> [Task brief] Which lines below fall between the one containing "iPro agence immobilière" and the one containing "İzmirde Kiralık Forklift Firması"? Repeat them exactly, counting both of those lines, and add nothing else.

> [Supplied records]

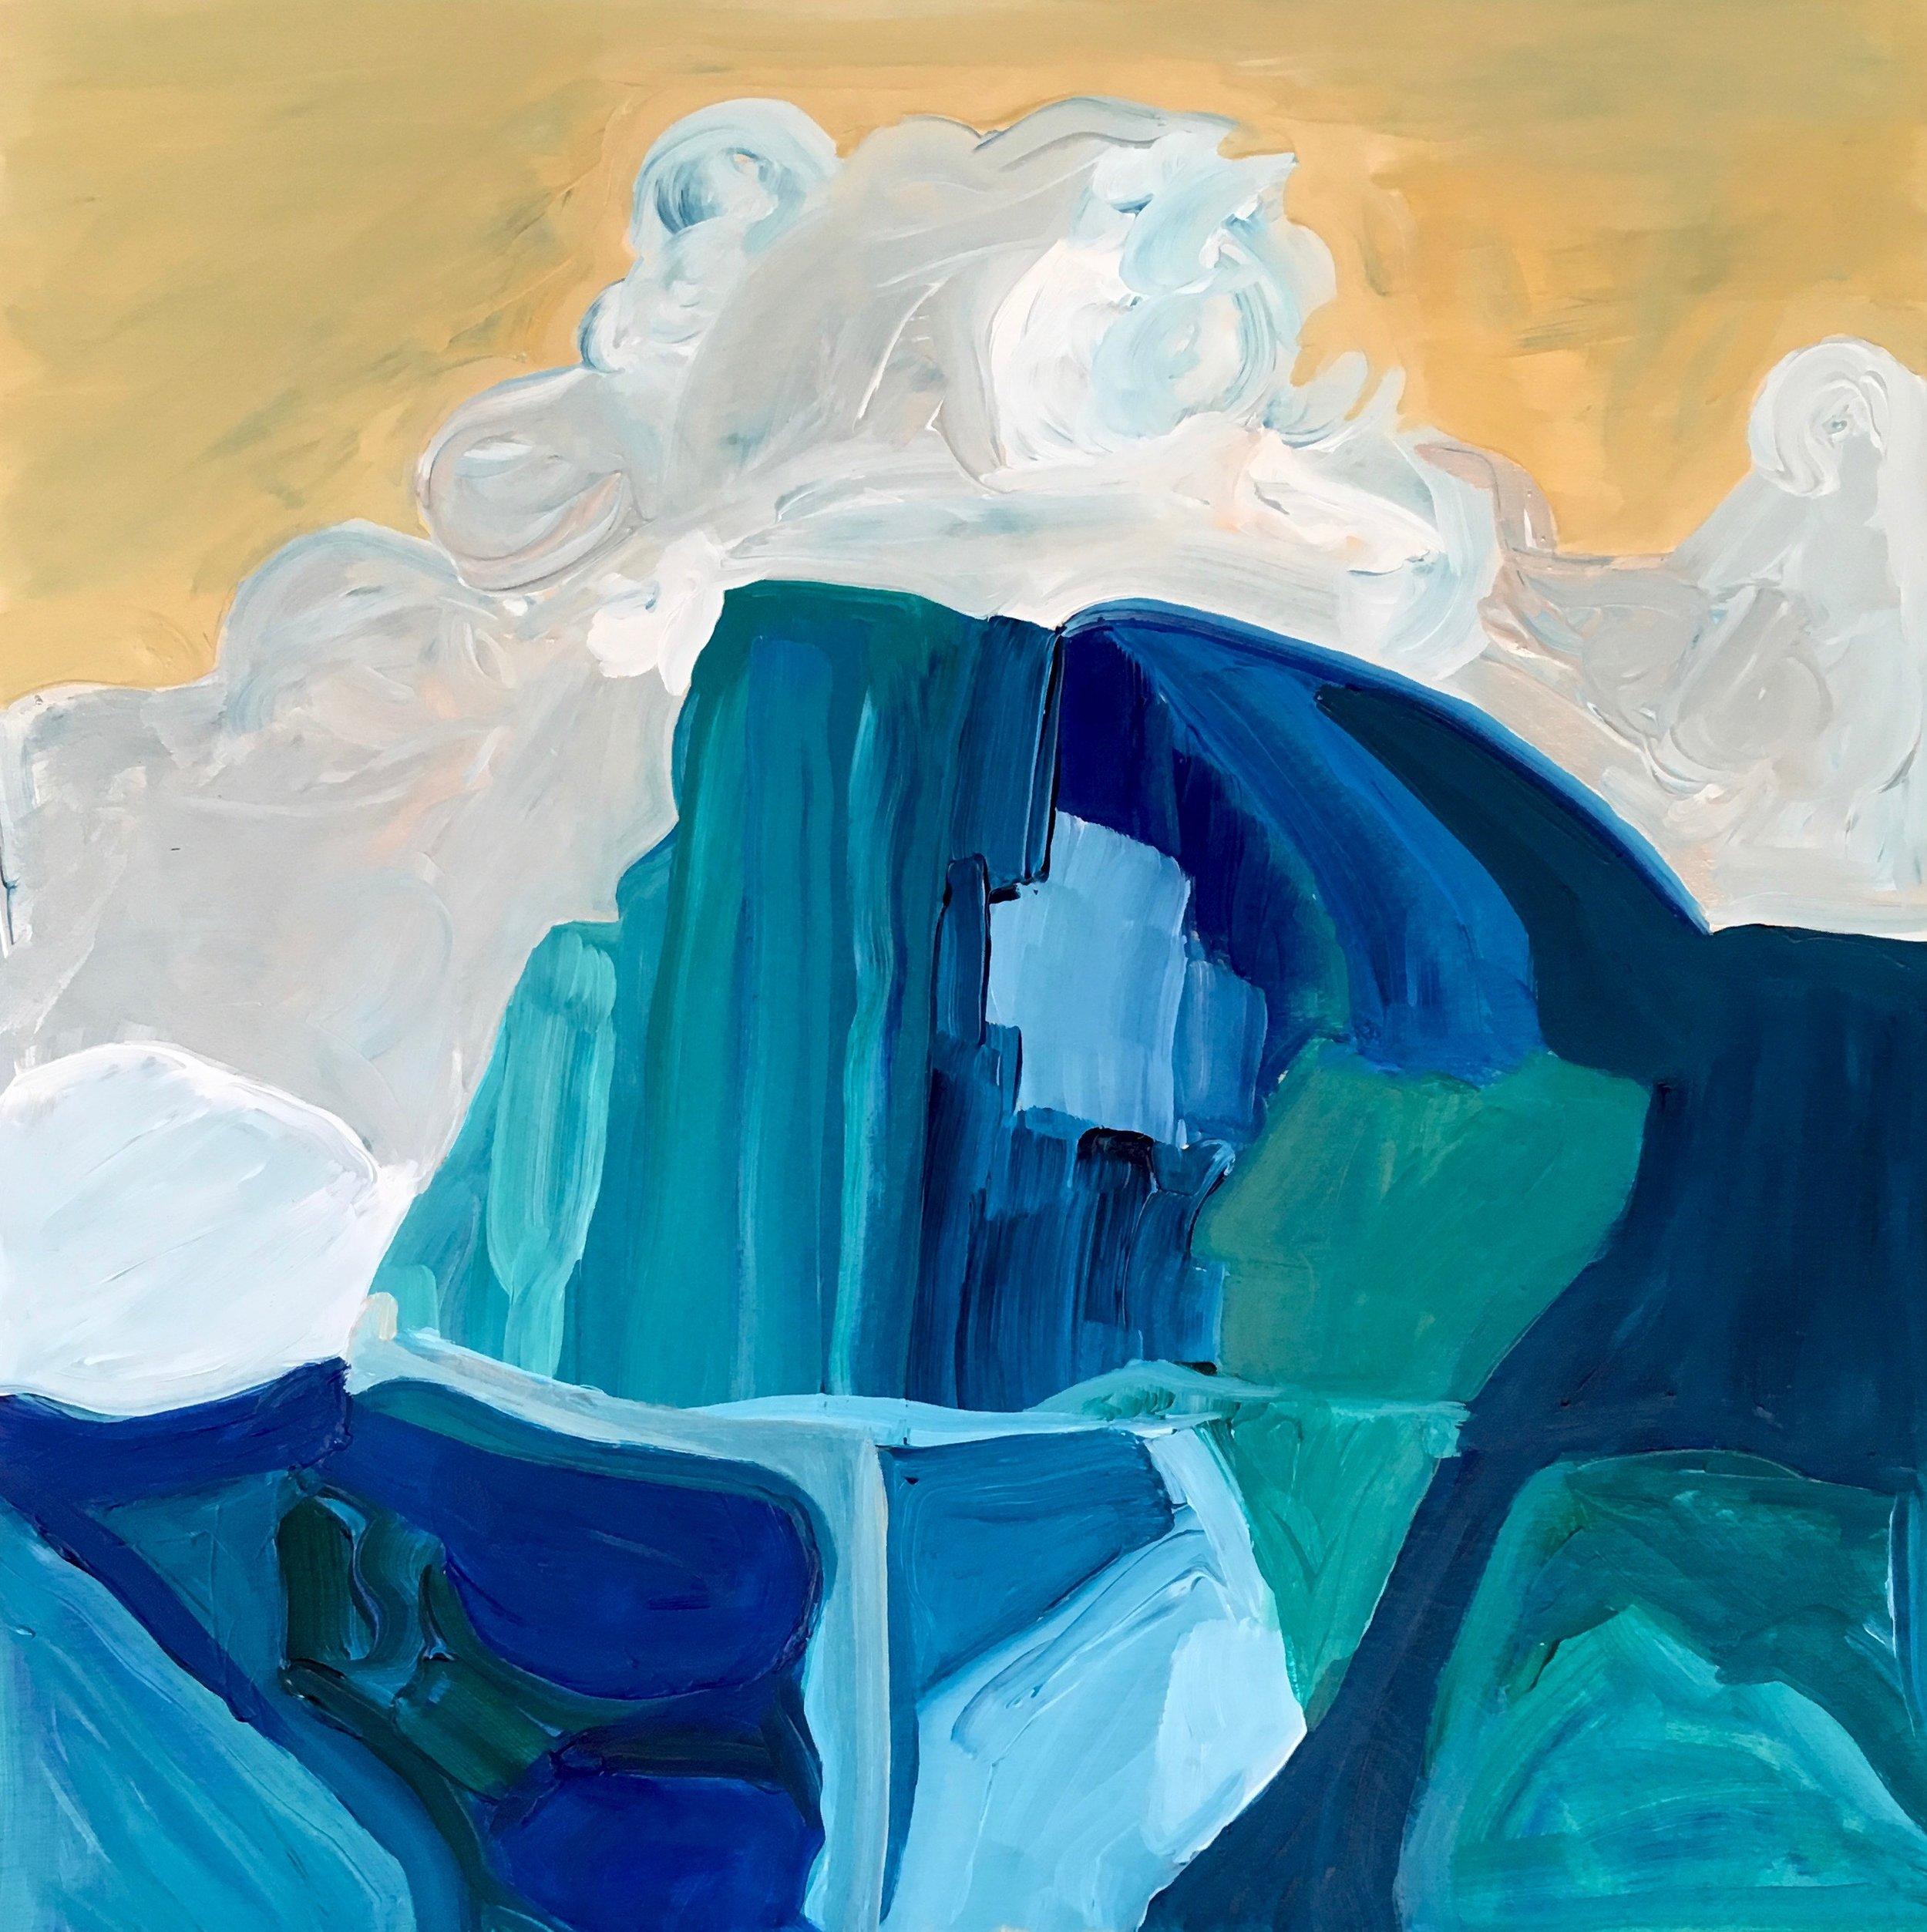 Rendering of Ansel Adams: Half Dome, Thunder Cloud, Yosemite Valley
* * *
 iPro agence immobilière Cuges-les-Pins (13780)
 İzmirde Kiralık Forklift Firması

> [Answer area]
 iPro agence immobilière Cuges-les-Pins (13780)
 İzmirde Kiralık Forklift Firması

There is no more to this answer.